We hiked the 1.6 miles to South Chalone, which takes drops several hundred (roughly 700 feet) feet lower before climbing up to the peak.  This provided an additional and enjoyable challenge - especially being that everything south of North Chalone that day seemed to be empty of people.  The trail followed the ridge between the two mountains, and then climbed along the North face of South Chalone, where we were able to hike through the snow.  After about 45 minutes, we reached the peak.  Not too surprisingly, but surely enjoyable we found that South Chalone has excellent and unobstructed views South towards San Luis Obispo.  Anything blocked by South Chalone at North Chalone was now viewable, and rolling green hills stretched almost as far south as we could see.  South Chalone was definitely worth it!  NOTE: Hiking to South Chalone in warm or even moderate conditions, especially if the sun is out, can be very dangerous because there is NO water available and it can get much hotter than it looks!
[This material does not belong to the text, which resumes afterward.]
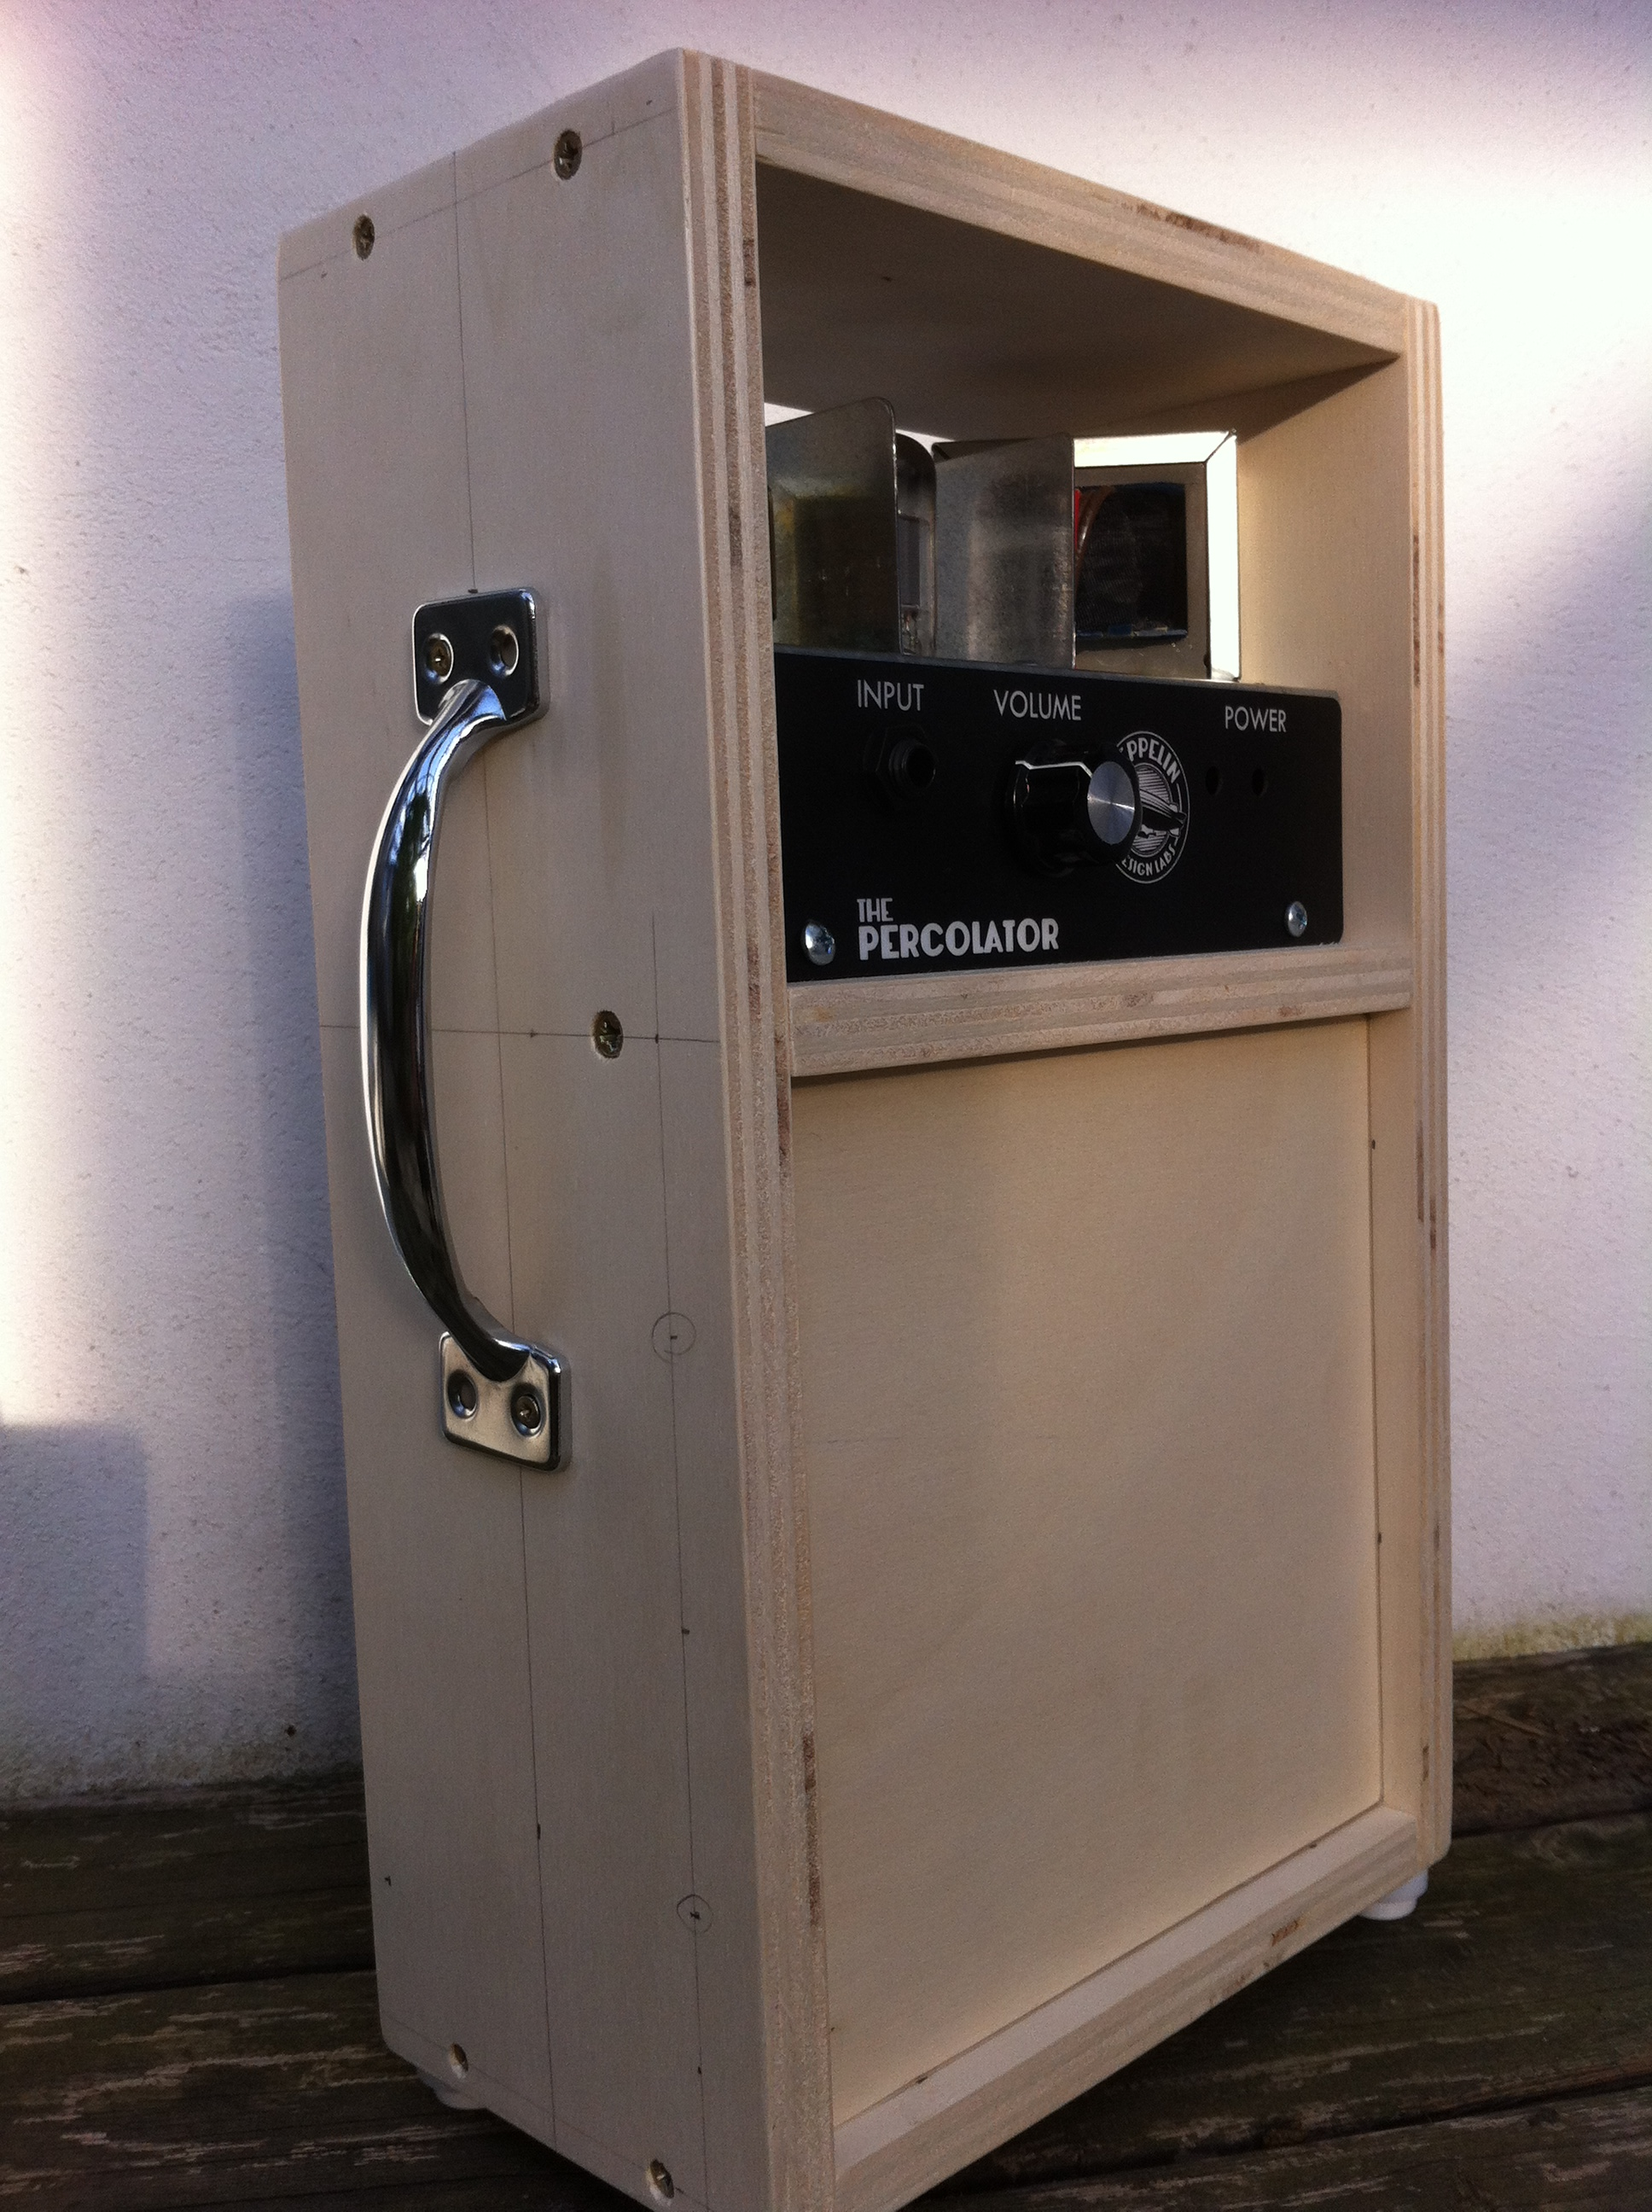 Percolator in custom cabinet

View South from South Chalone - Actual view not given justice here.
During this hike, we discussed a future hike in which we would hike to South Chalone during a full moon later in the year.


View looking North/East from South Chalone trail
The hike back went well, and all the way down to Bear Gulch Reservoir we made great pace - sometimes jogging.  A few folks had hiked to North Chalone and on our way back, we saw at least 10 people or more.  When we reached close to Bear Gulch Reservoir, there were a lot more people relaxing.  Almost all had likely climbed around the caves, since the caves were flooded.  Kirk and I both removed our shoes this time for the underwater portion and made it through.  Several lesser prepared types were trying to make it in or through, and were messing around, but at least they were having fun.  We left the North end of the caves, and hiked back to the car, passing several groups.  By this time in the day, even on a very cold Sunday, there were plenty of cars parked at the Bear Gulch Visitor Center area.

We drove back to the camp store, where we picked up some additional wood, and made it back to camp.  Luckily this time it was both dry and light out, so we were able to relax a bit at camp finally.  The bathrooms, will unlit and cold, were fairly well maintained.  Just like the night before, we started up a big fire, cooked Idahoan Mashed Potatoes with veggies and also Campbell's Beef chunky stew - it was bomb after a day like that.

- Somewhere around midnight I woke up to the sound of Coyotes howling.  There sounded like close to 10 in the group, which was somewhere in the direction of the camp store.  It was fun to be woken to that and listen for a bit, and by the time I thought to and grabbed my camera to record their sound, they stopped abruptly.  As soon as their echo dissipated, I could hear more coyotes howling in valleys farther away.

Monday - by Monday morning, Kirk's feet were pretty well beat and both of us were sore after 21 miles of hiking the past two days.  We were determined to accomplish another, more symbolic goal.  To match the length of this years hopeful Mt. Whitney climb, we needed 1 more mile to reach 22 total.

We packed up all of our camp - tents and all - and drove back to Bear Gulch Visitor's Center where we parked at and hiked up Condor Gulch Trail to the overlook (check the map).  This was maybe 2.5 miles round trip.  It made for a great morning hike, and the views of the valley going up were awesome.  It had some very cool rock formations.  At the overlook, just below it were flowing pools of water that probably only flow for a handful of days each year - including that day.

All in all, the trip was a success.  Only shortcoming was that we wanted to hike a few more trails.  To call Pinnacles officially Conquered, we are going to return and hike the North Wilderness Trail that occupies the North quarter of the park - a loop that is no less than 9 miles from car back to car.  After this, and maybe another climb of High Peaks, we will consider Pinnacles completed by Stones and Bones!